Designers (including principal designers) “must have the skills, knowledge and experience [and] organisational capability necessary to fulfil the role that they are appointed to undertake”.10 They are also under a duty to not accept an appointment unless they satisfy these conditions.11 As long as these criteria can be met by the person who in reality has control over the design being carried out at the particular point in time, we suggest that in most situations it should not be difficult to identify who is best placed to assume the role of principal designer.
- 1. “Managing health and safety in construction, Construction (Design and Management) Regulations 2015, Guidance on Regulations” L153 Published 2015, HSE Books.
- 2. See paragraph 75 of the HSE Guidance.
- 3. Regulation 5(1)(a), The Construction (Design and Management) Regulations 2015.
- 4. See paragraph 72 of the HSE Guidance.
- 5. Regulation 5(1)(a), The Construction (Design and Management) Regulations 2015.
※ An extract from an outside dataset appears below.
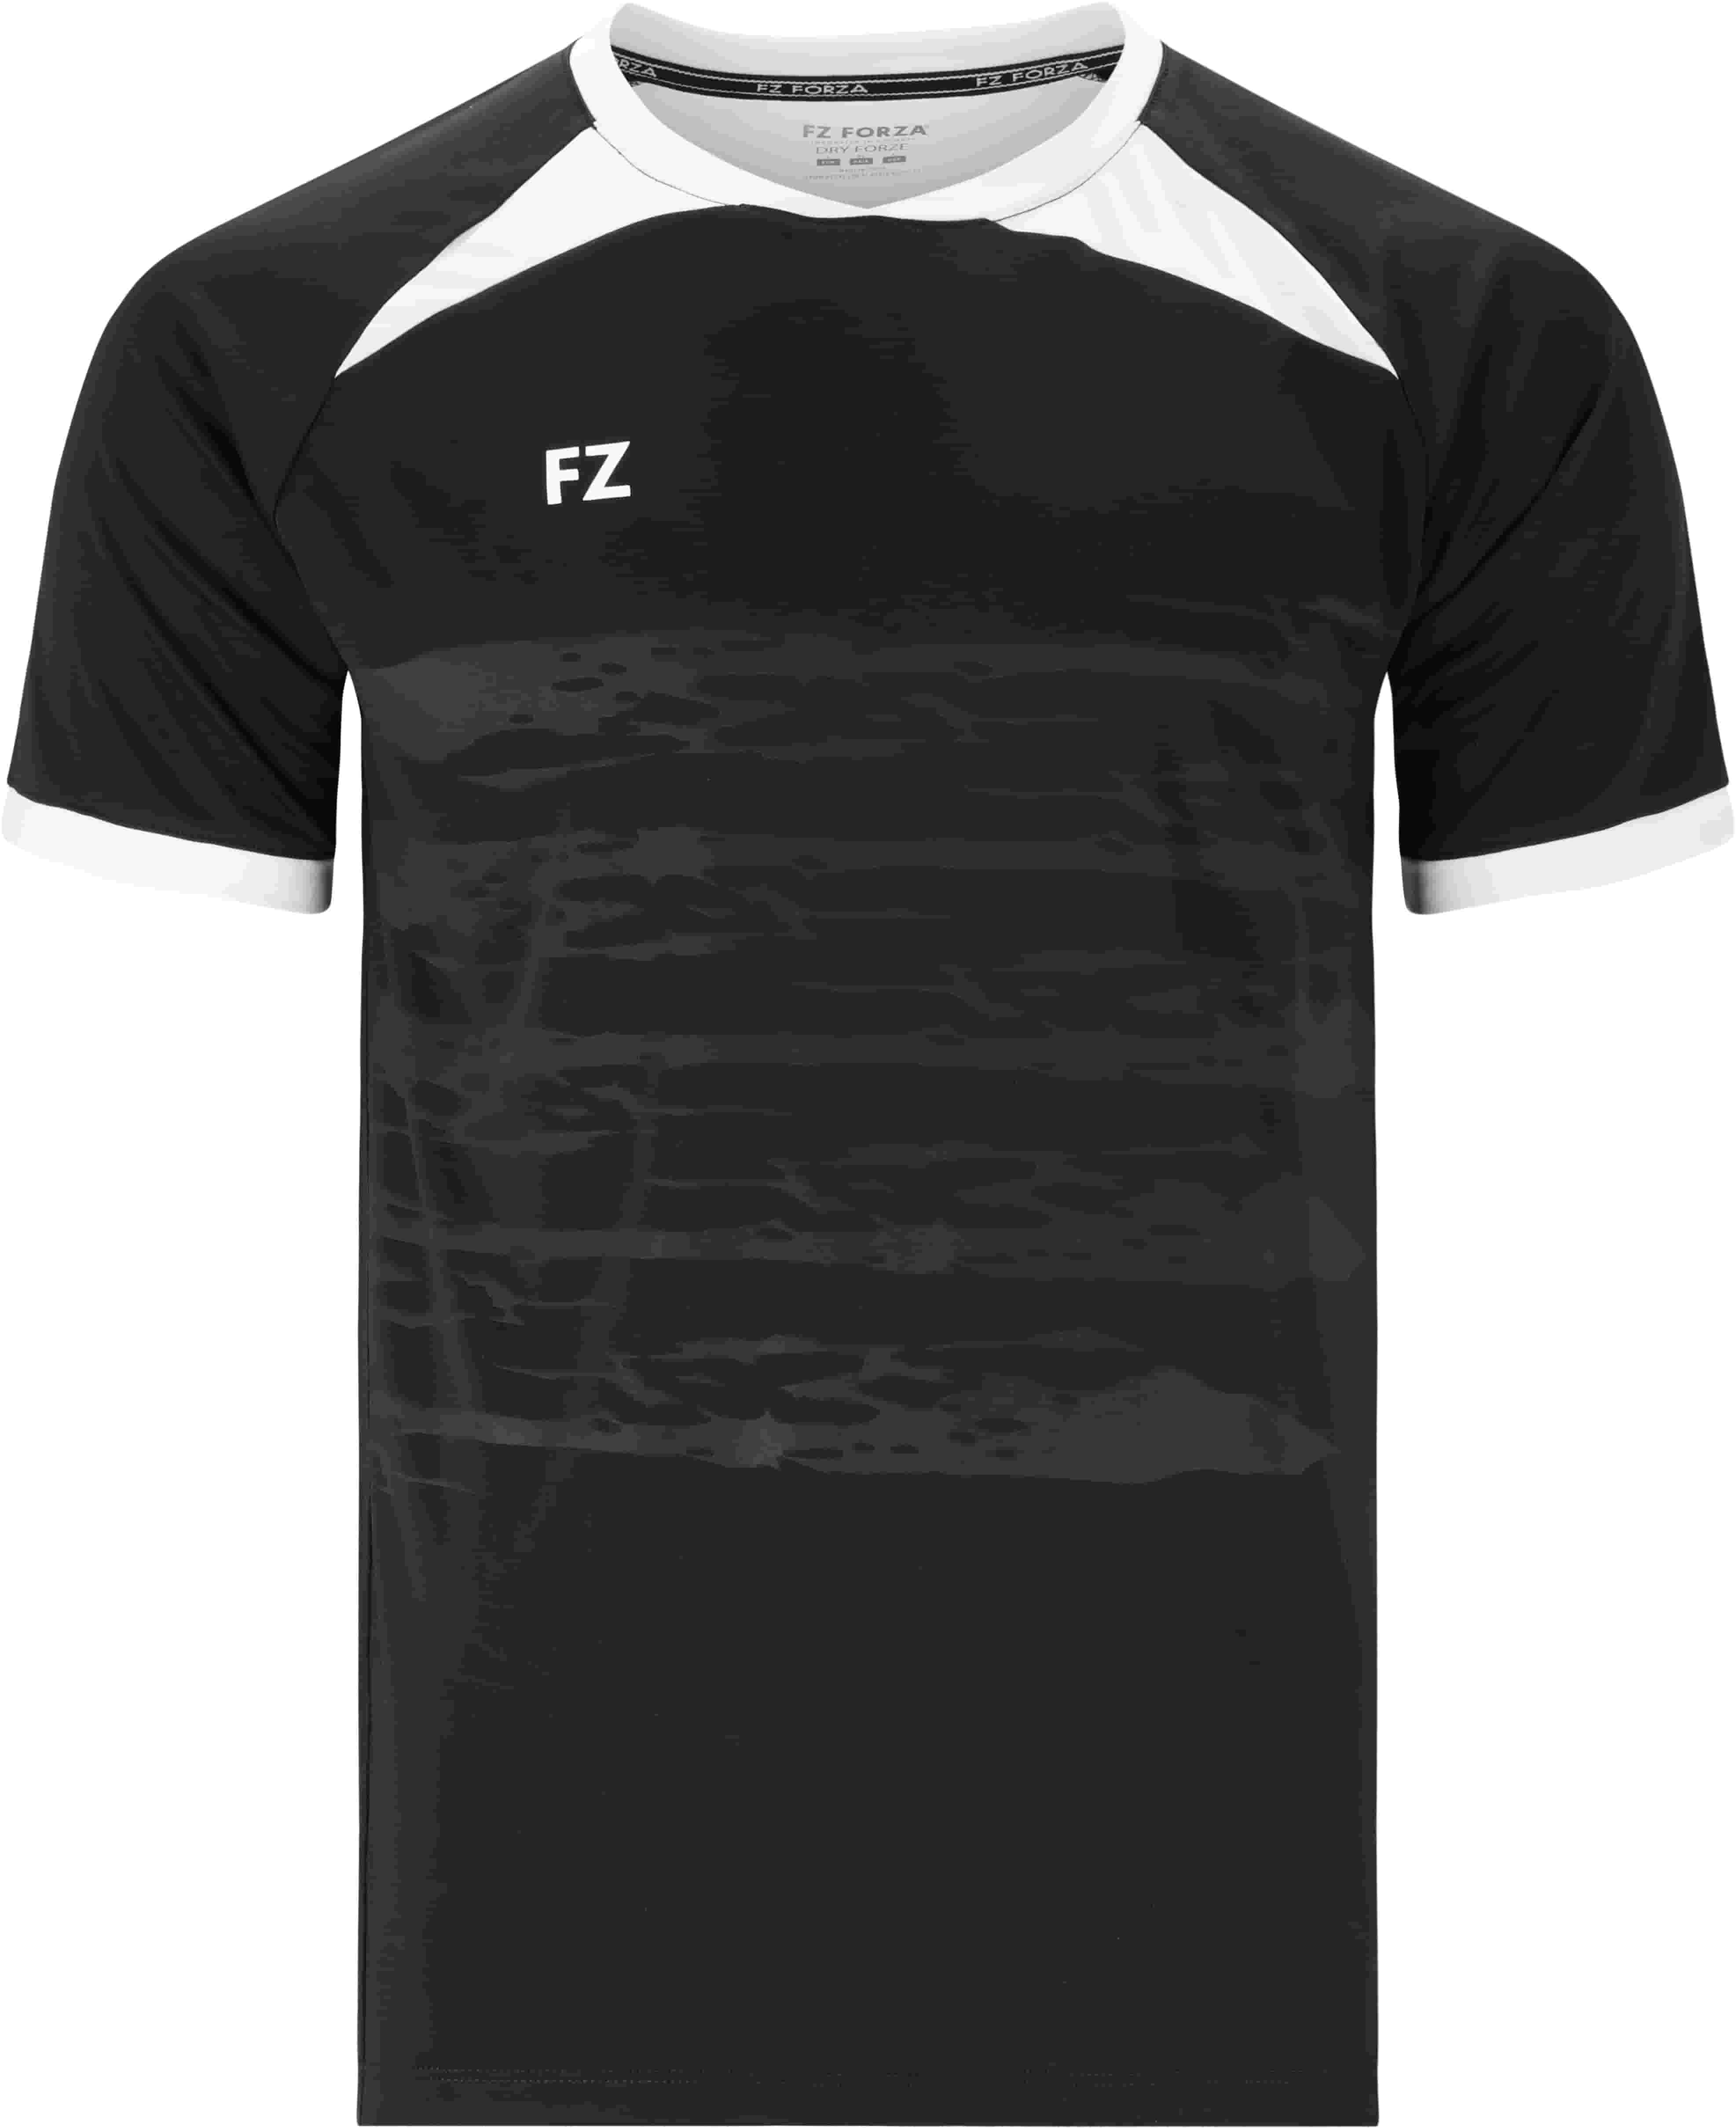 FZ FORZA Agentin M T-Shirt - Schwarz XL
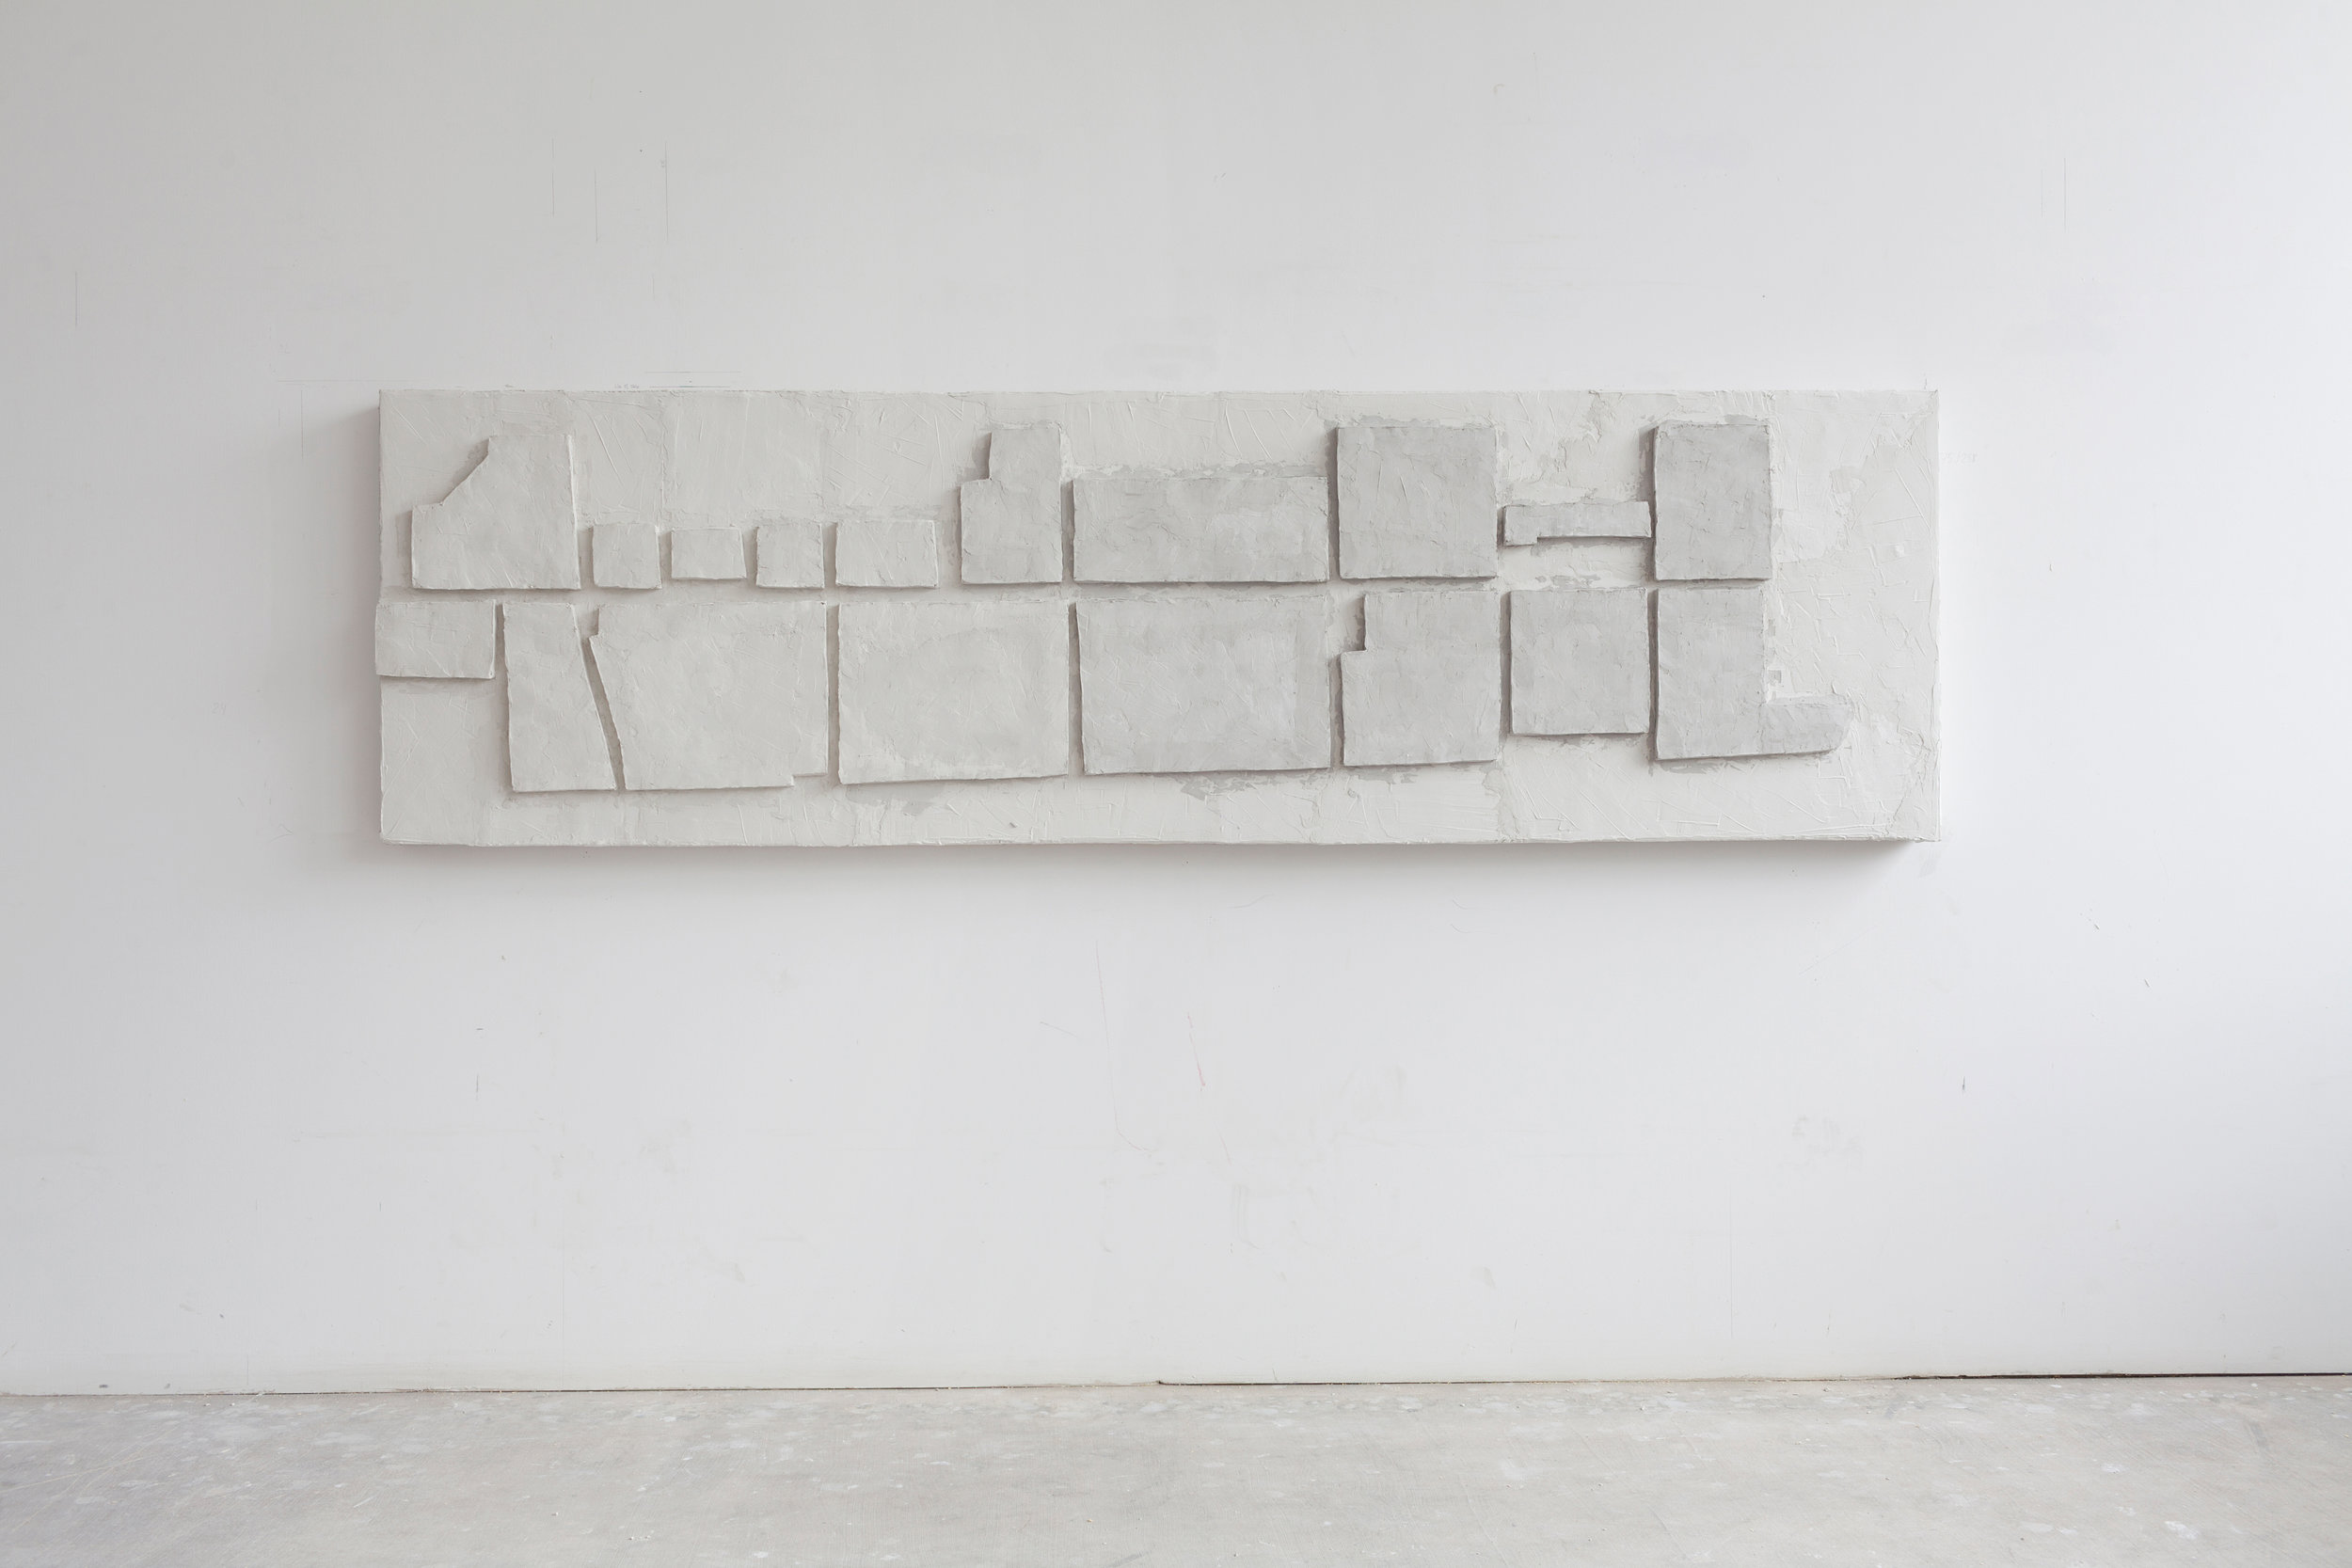   ‘Via G. L. Lagrange - Turin’  Baugips auf Polystyrol-Hartschaum 259 x 75 x 11 cm 2017

- 6. Regulation 5(2), The Construction (Design and Management) Regulations 2015.
- 7. Regulation 2(1), The Construction (Design and Management) Regulations 2015.
- 8. Regulation 5(3), The Construction (Design and Management) Regulations 2015.
- 9. Regulation 12(8), The Construction (Design and Management) Regulations 2015.
- 10. Regulation 8(1), The Construction (Design and Management) Regulations 2015.
- 11. Regulation 8(2), The Construction (Design and Management) Regulations 2015.